Getting off Afognak meant uncovering the boat he’d hidden at the start of winter and dragging it to the beach. Not many came to this island, especially in this season. Hunters and hikers mostly, but no one lived here except him. There were a few cabins dotting the island that weren’t made for permanent residence, but provided temporary protection for visitors from the wild brown bears that called this place home. Only the bravest hunters, or the most desperate, went after black-tail deer at the risk of running into a grizzly. Afognak was also said to be haunted, a rumor probably started by his ancestors and one he fueled if anyone asked because he liked his peace and quiet. The untamed land felt like home to a half-feral shifter like himself.

The boat engine was frozen and needed work and new fuel, so getting the dinghy in the water and hearing the whine of the little motor took a couple of hours. And all the while, his stomach growled.

The waters of the Marmot Bay were passable, but there were still ice chunks everywhere, so he had to be careful not to damage his hull as he maneuvered toward Kodiak Island. By trade, he was an Alaskan bush pilot, like one of his brothers and father before him, but he kept his plane in Pilot’s Point to keep the werewolves off his trail when he went to sleep for the winter.

Damn, he was hungry. The second he set foot on land, he pulled his boat out of the frigid waters and tracked down his traditional post-hibernation restaurant to tuck into. It was an old inn that didn’t get much traffic outside of tourist season, and the wait staff never commented on how much he could eat in one sitting.

It was here, in the back corner of the darkest room, that he pulled the envelope from his inside jacket pocket. The thick, heavy packet had been burning a hole against his chest. Or so it felt because the entire way here, he’d craved to take it out and stare at the woman’s picture again. This hibernation had apparently made him lose his damned mind.

The server was friendly, a local he’d seen before, and she only hesitated a moment when he ordered one of everything on the menu.

Galena, Alaska
the paperwork read—the last place Cole McCall had been seen. That would be one helluva flight for a warm-up, but anything was doable for his old red and white Cessna 182. He’d get her up and running and probably get there by tomorrow, depending on how many places he needed to stop for fuel and food.

He frowned at the photo of the woman again. It was hard to tell in the grainy picture, but it looked like her lip was split. Ian swallowed a snarl that started deep in his chest, and tried to convince himself that the growl was about being hungry and not his protective instincts kicking up. He had no claim on this woman, and it came as zero shock if McCall had mishandled her. Asshole. Ian shoved Elyse Abram’s picture to the back of the stack and tried to concentrate through the rage that was boiling his blood.

“Are you okay, sir?” the waitress asked in a concerned tone.

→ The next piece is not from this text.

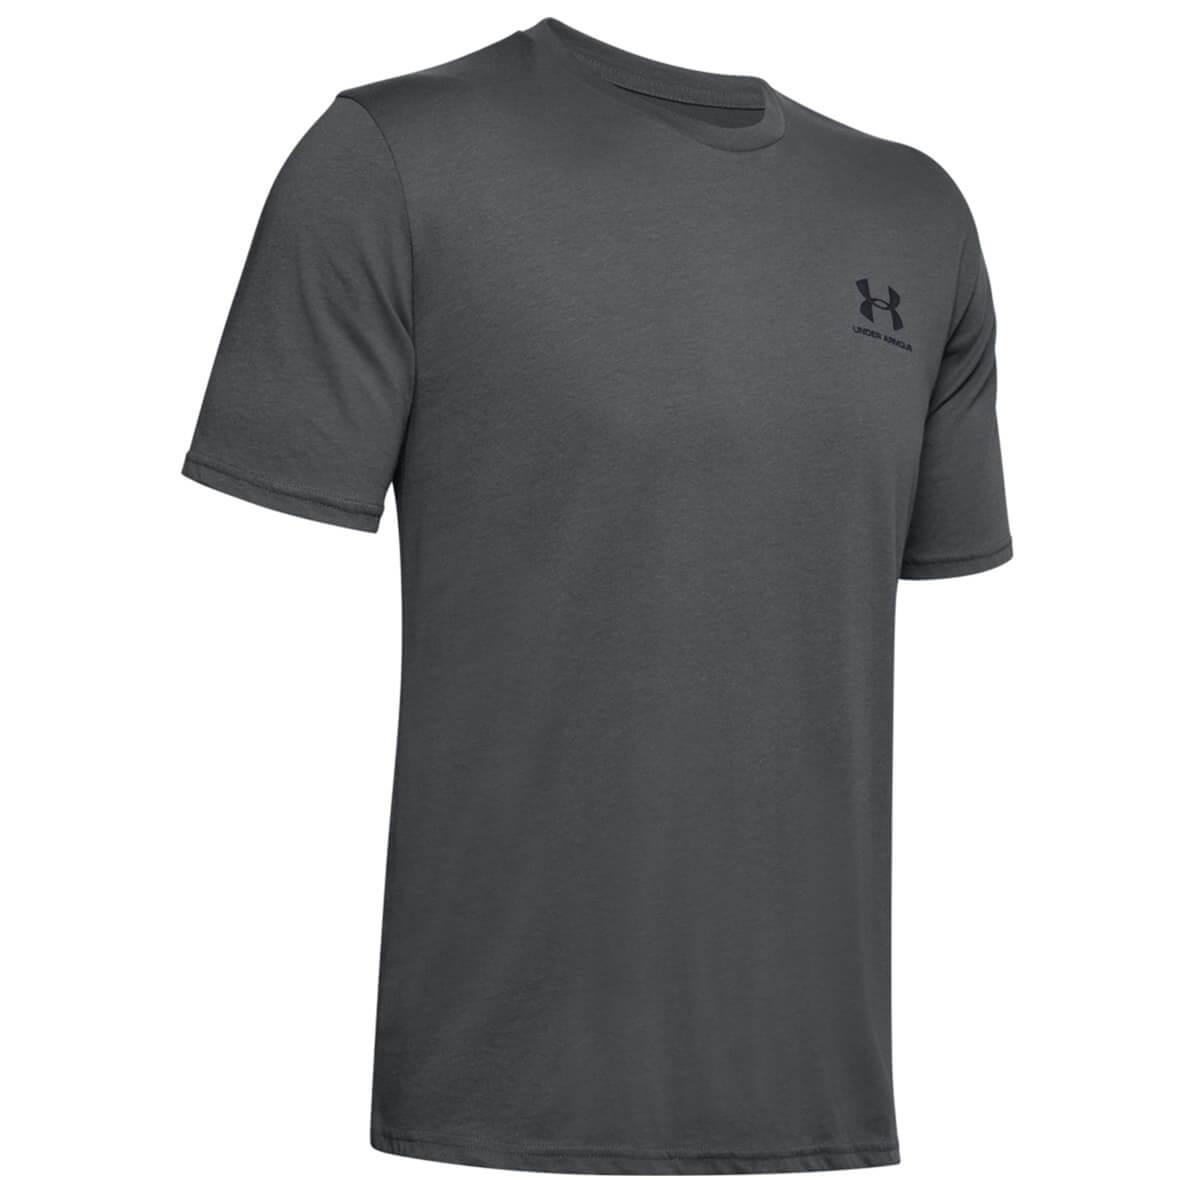 Detalles de Under Armour Hombres 2020 quien pecho izquierdo logo UA acusado algodón camiseta ver título original

She’d put plates of food all over the table, and he hadn’t even noticed her working beside him. Shit.
Focus.

“Yeah,” he rasped out. It had been a long time since he’d used his voice, so he cleared it and tried again. “Yeah, I’m fine.”
Smile. More genuinely.
“Thanks.”

He read as he ate. McCall had been on a tear for the last month. Two trapper attacks, one fatal, but that wasn’t the worst of it. That wasn’t what got Cole hunted by someone like Ian. It was the picture of the little six-year-old girl. Dark hair and dark inquisitive eyes, probably Alaska Native. She’d been attacked right outside of Kaltag by a single, unprovoked wolf with McCall’s dark gray saddle back markings.

“Mother fucker,” Ian rumbled, more growl than words.